Tentu lain dengan cerita dari seorang koruptor kakap yang ulung dan lihai, hingga dalam beberapa periode kekuasaan dia mampu untuk terus bertahan dan melancarkan ambisi dan kehendaknya menjadi manusia paling kaya raya di negerinya yang banyak dihuni oleh rakyat-rakyat miskin. Sehingga dia pun jadi percaya bila di Surga maupun di neraka kelak semua masih bisa dia atur dengan kekuatan finansial yang dimilikinya sampai hari ini di ujung kematian dirinya yang renta.

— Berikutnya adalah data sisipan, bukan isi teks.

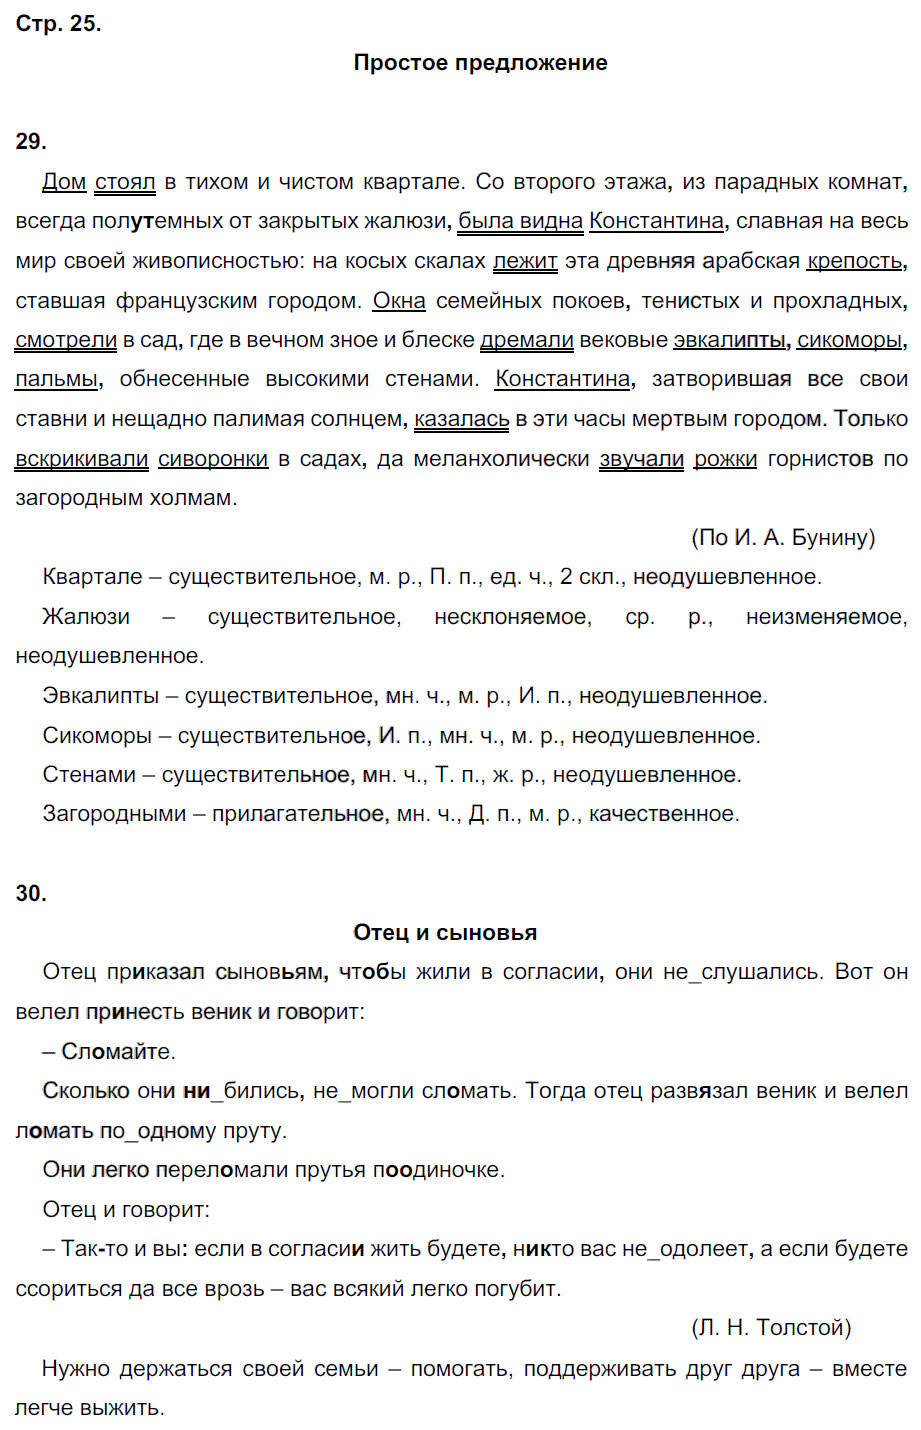 гдз 8 класс рабочая тетрадь страница 25 русский язык Кулаева

Agaknya, seperti itulah maksud dari para demonstran pejuang keadilan bagi rakyat yang sudah serak meneriakkan kezaliman rezim penguasa yang memper-Tuhan-kan Keuangan Yang Maha Kuasa, sehingga suara rakyat tidak lagi dipercaya sebagai suara Tuhan. Begitu juga sebaliknya, suara Tuhan tak lagi mampu disuarakan oleh rakyat. Dalam istilah Komjen Pol. Dharma Pongrekun, begitulah keangkuhan manusia hari ini yang penuh ambisi melakukan kudeta terhadap otoritas kekuasaan Tahun.